**Data block:**
━━━
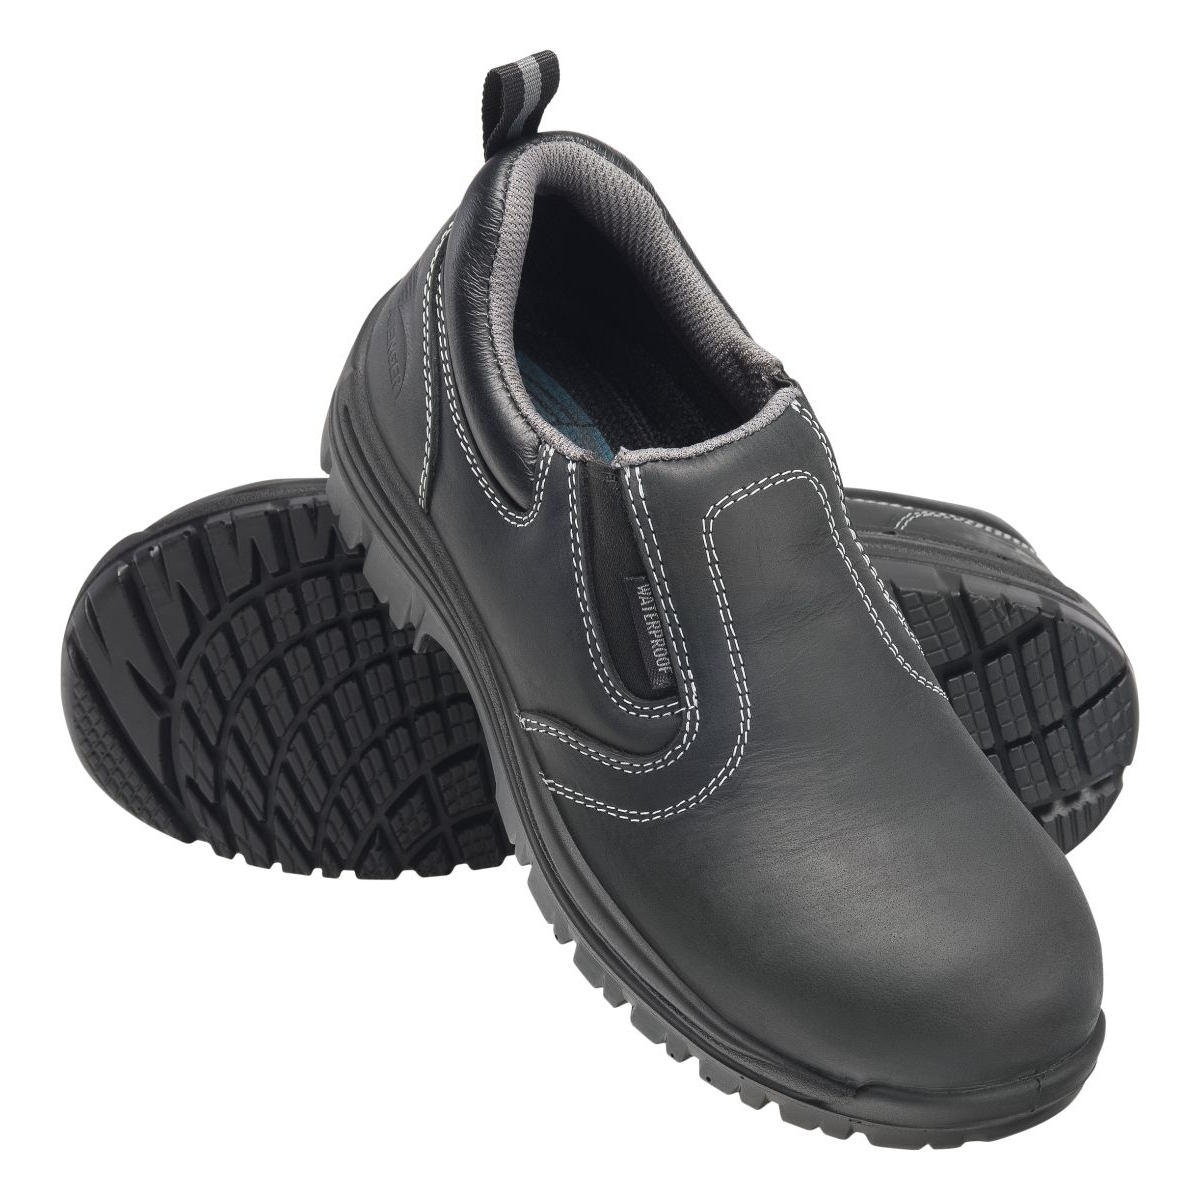 FSI FOOTWEAR SPECIALTIES INTERNATIONAL NAUTILUS Avenger Women's Foreman Slip-On Composite Toe PR Work Shoes Black - A7169 - BLACK, 9.5-M
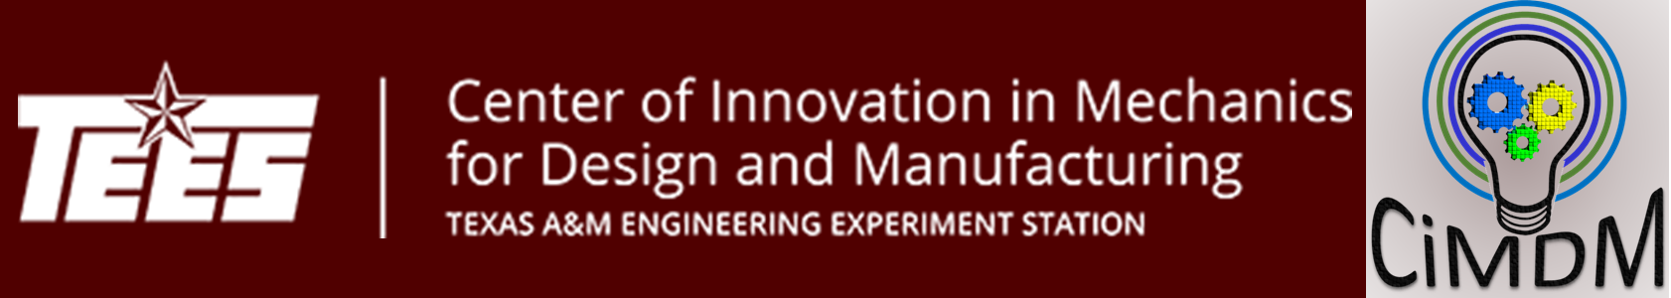 CiMDM TAMU and Innovation logo
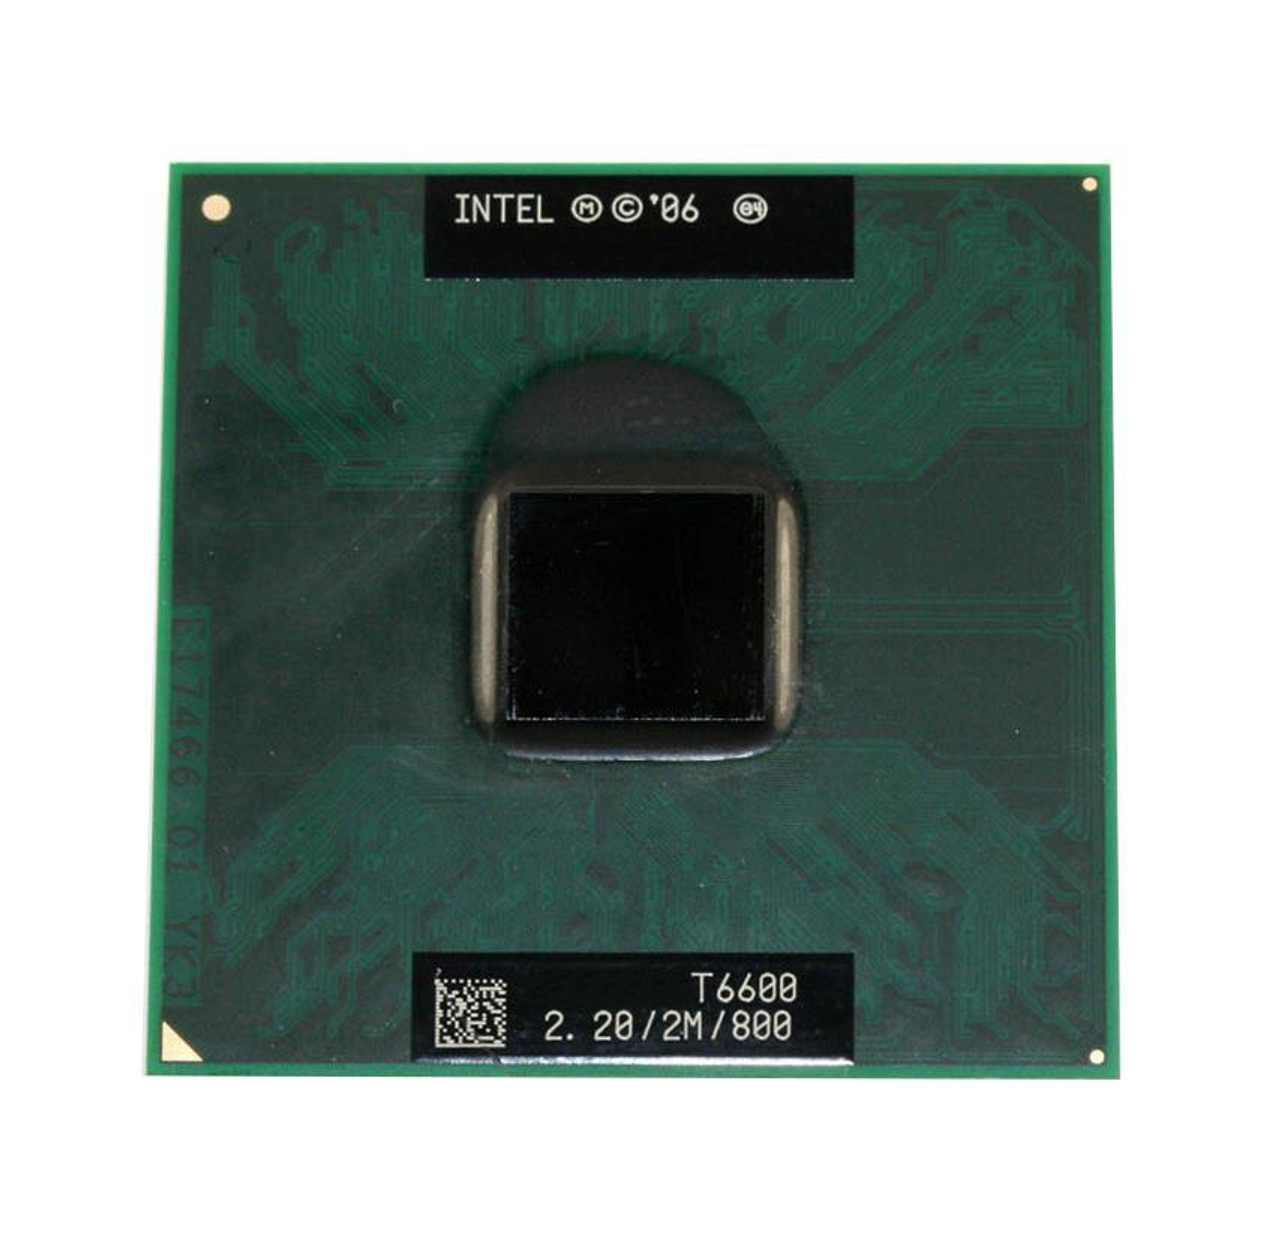 Intel Core 2 Duo T6600 2.20GHz 800MHz FSB 2MB L2 Cache Socket PGA478 Mobile Processor
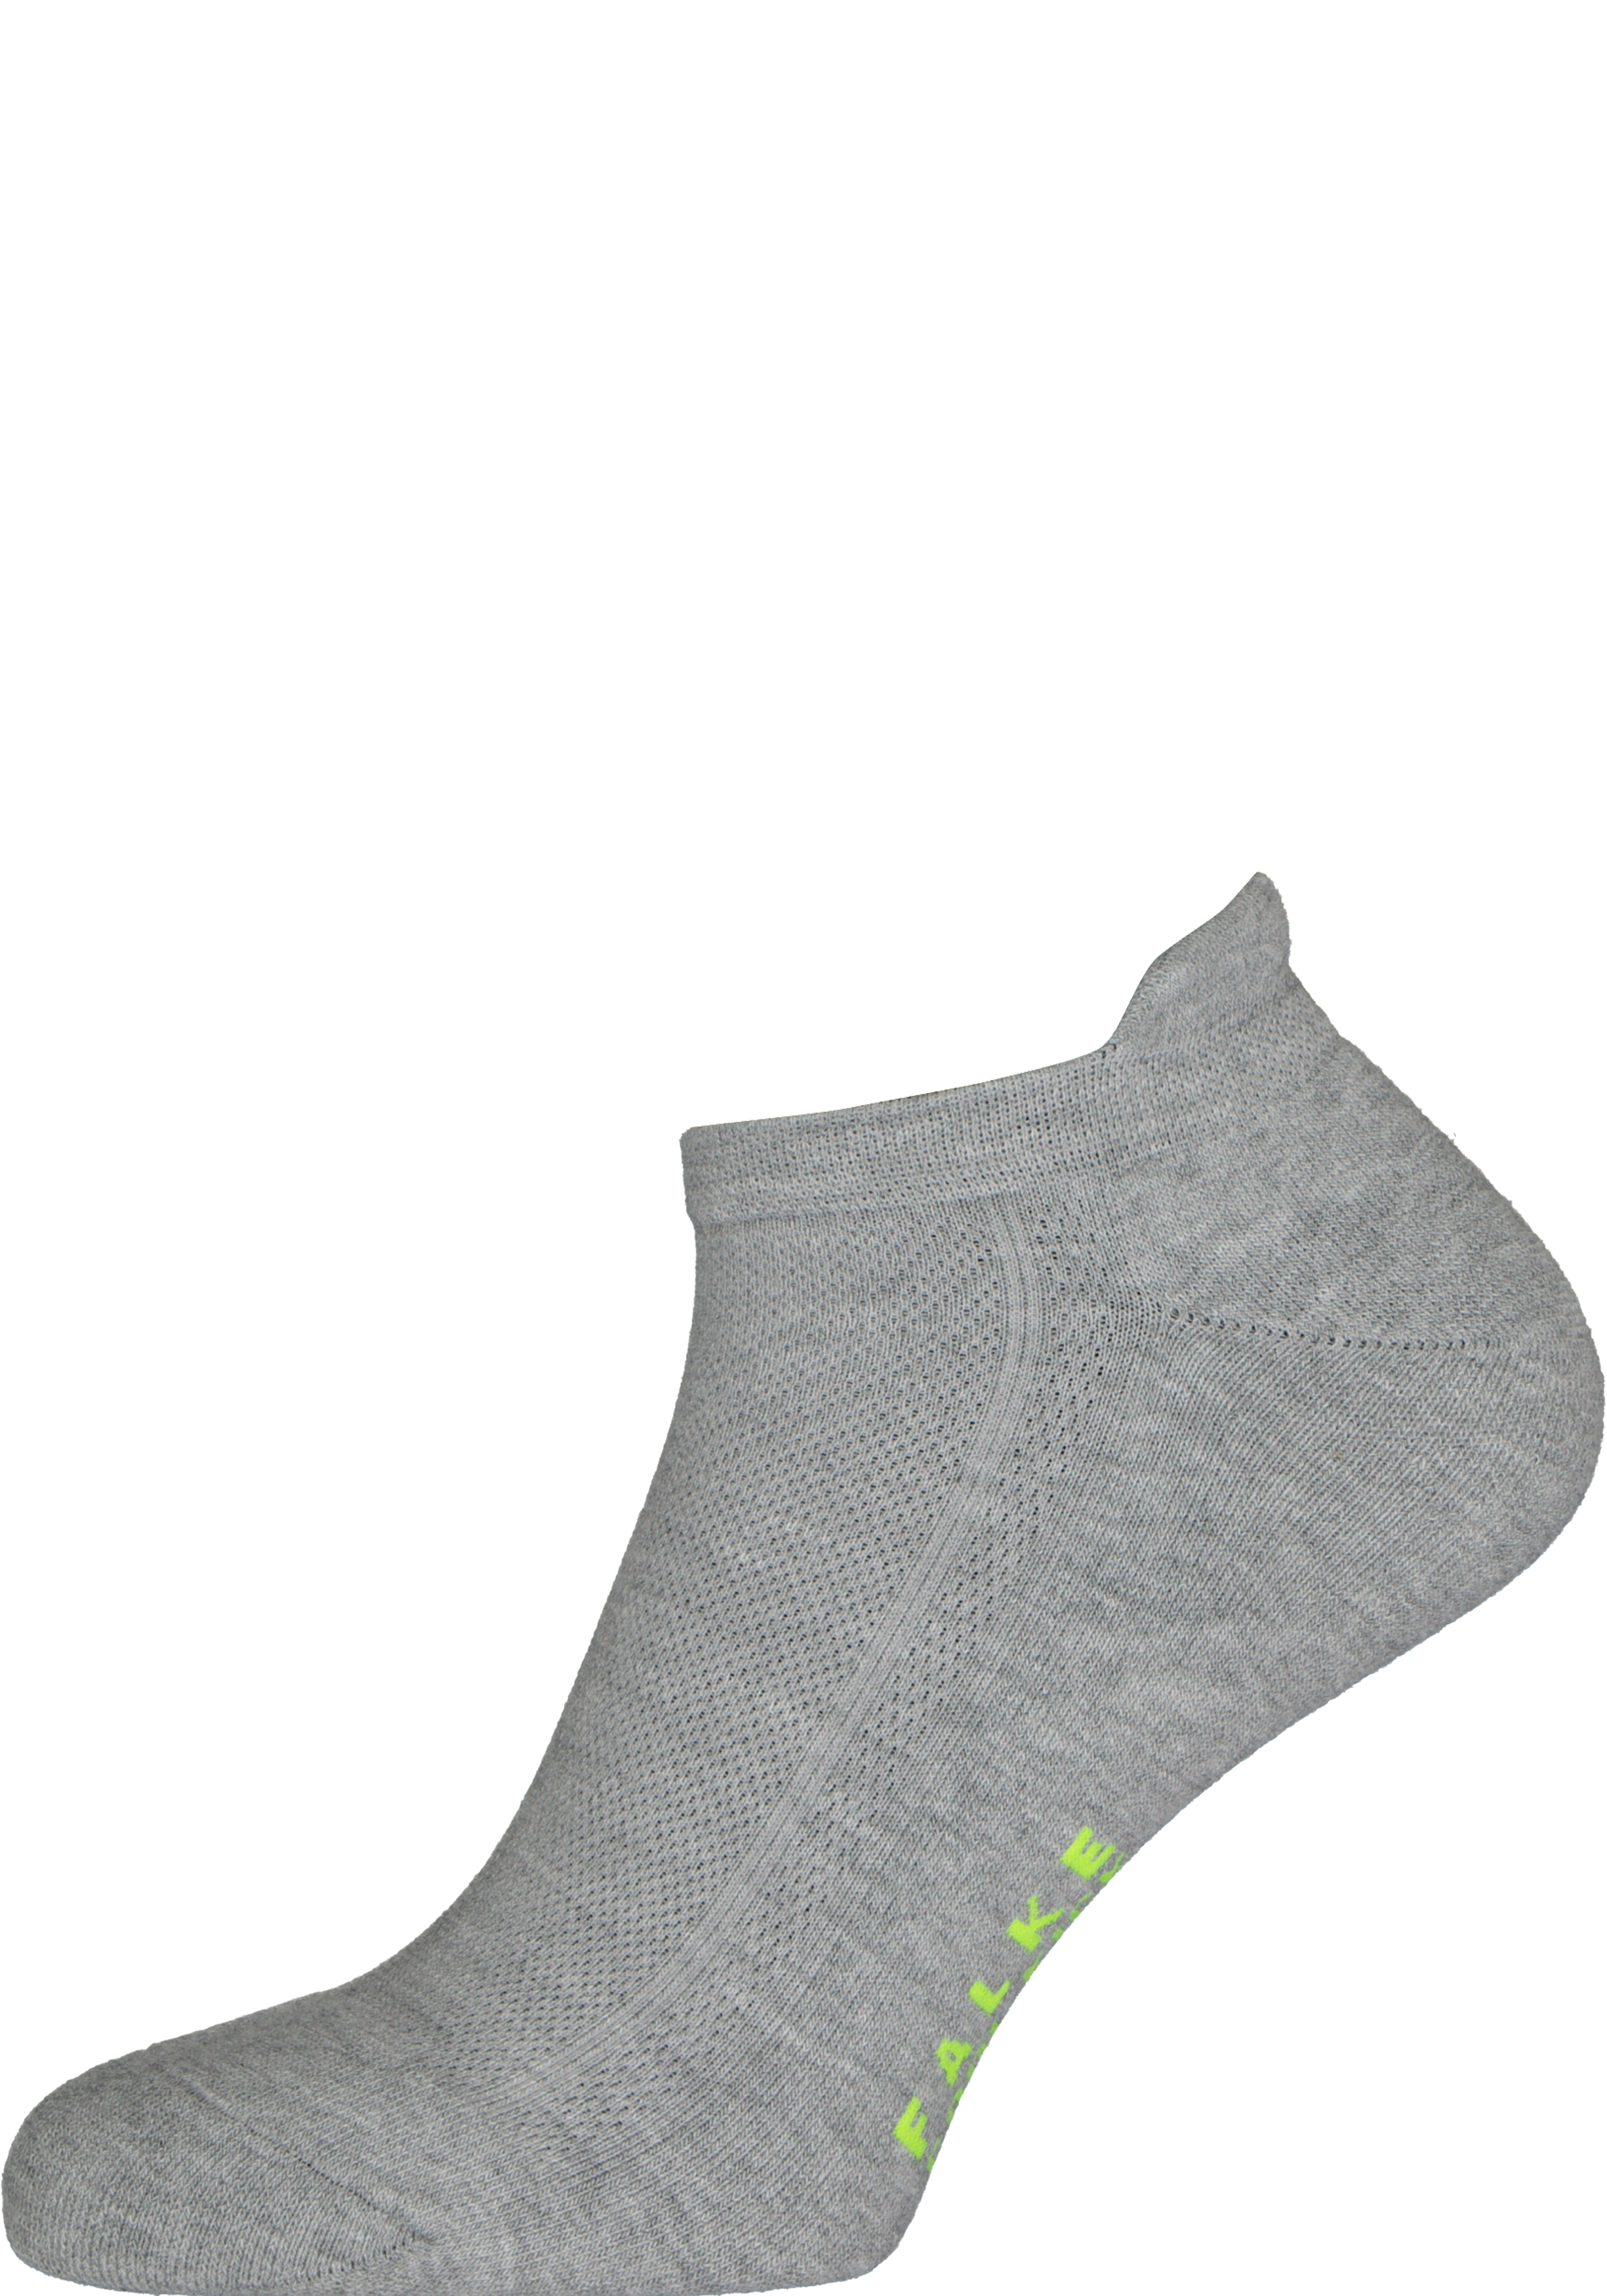 FALKE Cool Kick unisex enkelsokken, lichtgrijs (light grey)
━━━
**Prompt:** Your output must reproduce the material above in full, with no pictures.

**Solved exercise:**
 FSI FOOTWEAR SPECIALTIES INTERNATIONAL NAUTILUS Avenger Women's Foreman Slip-On Composite Toe PR Work Shoes Black - A7169 - BLACK, 9.5-M
 CiMDM TAMU and Innovation logo
 Intel Core 2 Duo T6600 2.20GHz 800MHz FSB 2MB L2 Cache Socket PGA478 Mobile Processor
 FALKE Cool Kick unisex enkelsokken, lichtgrijs (light grey)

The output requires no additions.